Rockfield Elementary currently has three WKU students serving as long-term substitute teachers in various departments. Principal Cassady spoke on the need for these students to step in.

“There’s a couple of things that have occurred, one, obviously, the COVID situation has created some issues with us finding long-term subs,” he explained. These substitute teachers may fill-in if a staff member is asked to quarantine. Cassady also said sometimes it is difficult to find substitute teachers during a regular year.

“The other part is with a lot of the federal funding that’s come through, we were able to pick up additional staffing,” Cassady went on to say. “So, with that, each school picked up about two to three people right off the bat.”

One of the WKU students filling in as an emergency sub is Will Downing. He is currently filling in for a teacher on maternity leave and is set to graduate in December.

“It’s something I would have never imagined, but knowing that I am able to help out a school that needs it, they’re helping me so much,” Downing said. “Not only am I learning from it, but I feel impacted by the school.”

Everyday Downing teaches 90 fifth graders, with about 30 in each class.

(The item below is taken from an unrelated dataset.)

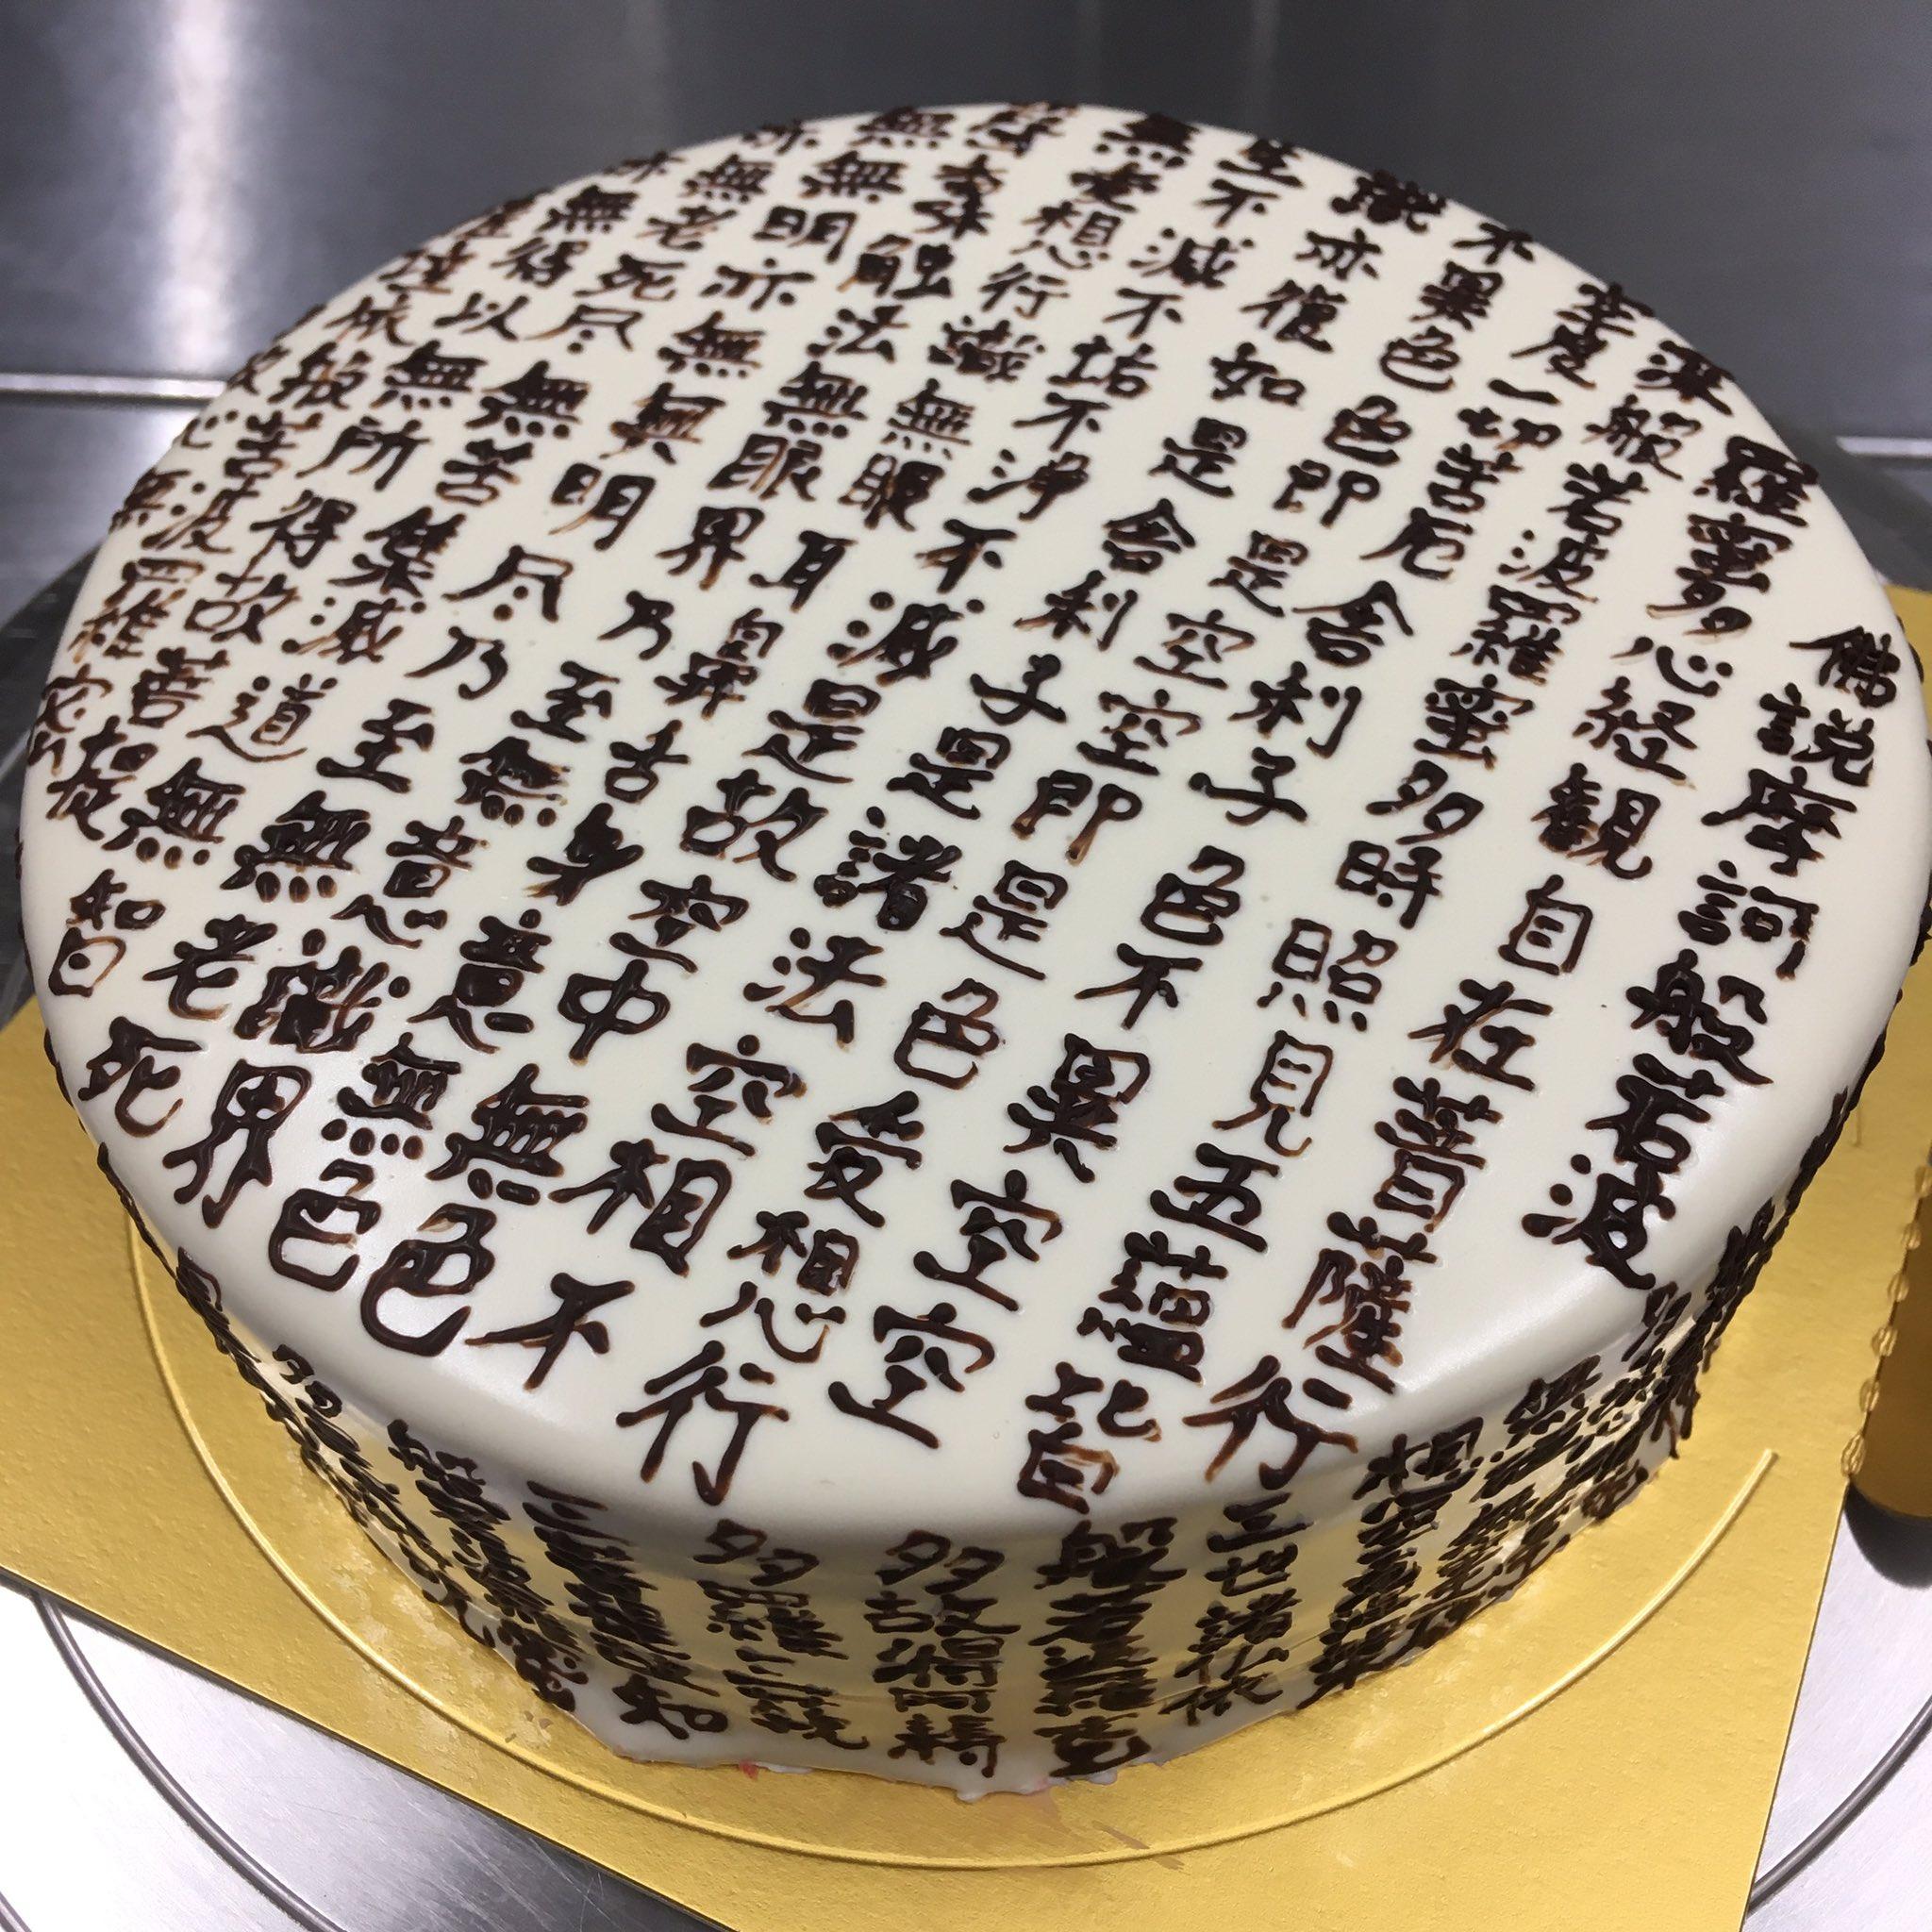 本日の特注ケーキ 友人の彼女さんの誕生日にと。 真っ赤なスポンジに白でコーティング。 全面にチョコで般若心経を書きました! お誕生日おめでとうございます🎊 だってこういうオーダーやったもん!
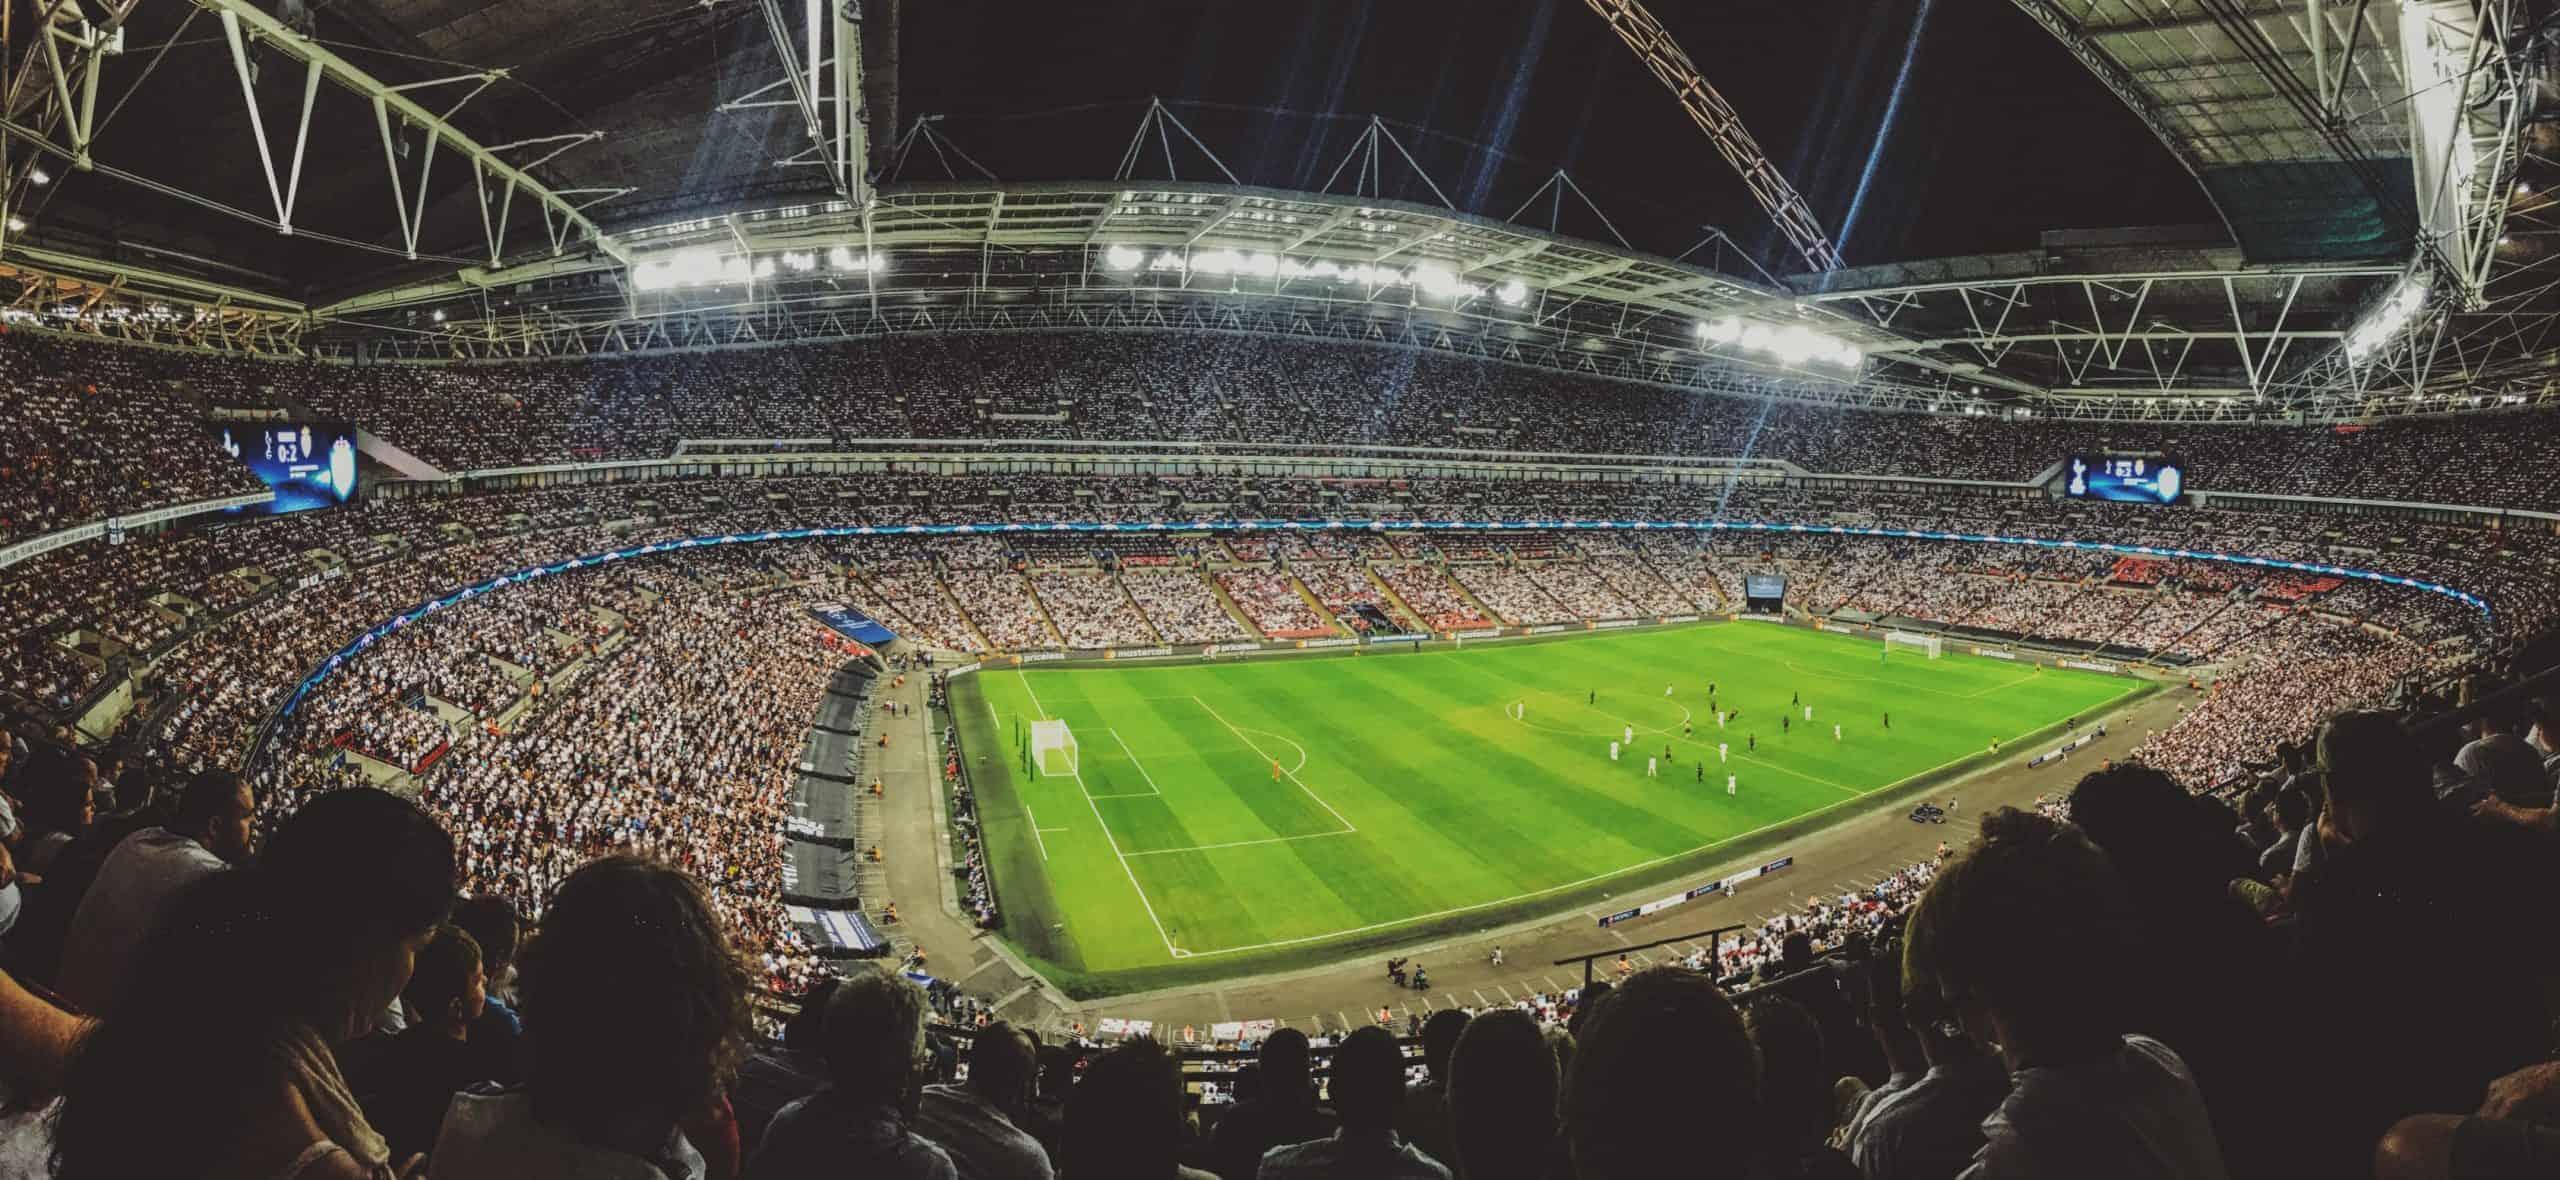 L'Emirates Stadium: scopri lo stadio dell'Arsenal a Londra 1

He said though it was a bit challenging at first, getting used to managing a classroom, the experience has been rewarding.

“It’s different, but you’re learning so much from it,” he said. “You’re taking so much from it every day and I’m just very, very grateful that I’m able to step in this role at this point.”

Though these WKU students aren’t working directly with a teacher, they still have a lot of support around them.

“They’ve got mentors, both in the building and outside of the building,” Cassady said. “Being able to work with kids directly developing lesson plans, assessments and analyzing assessments, everything else, it’s been, it’s been a neat process to watch, and the young people have done phenomenal.”

Most of these emergency substitutes will stay working at their schools through the end of the semester.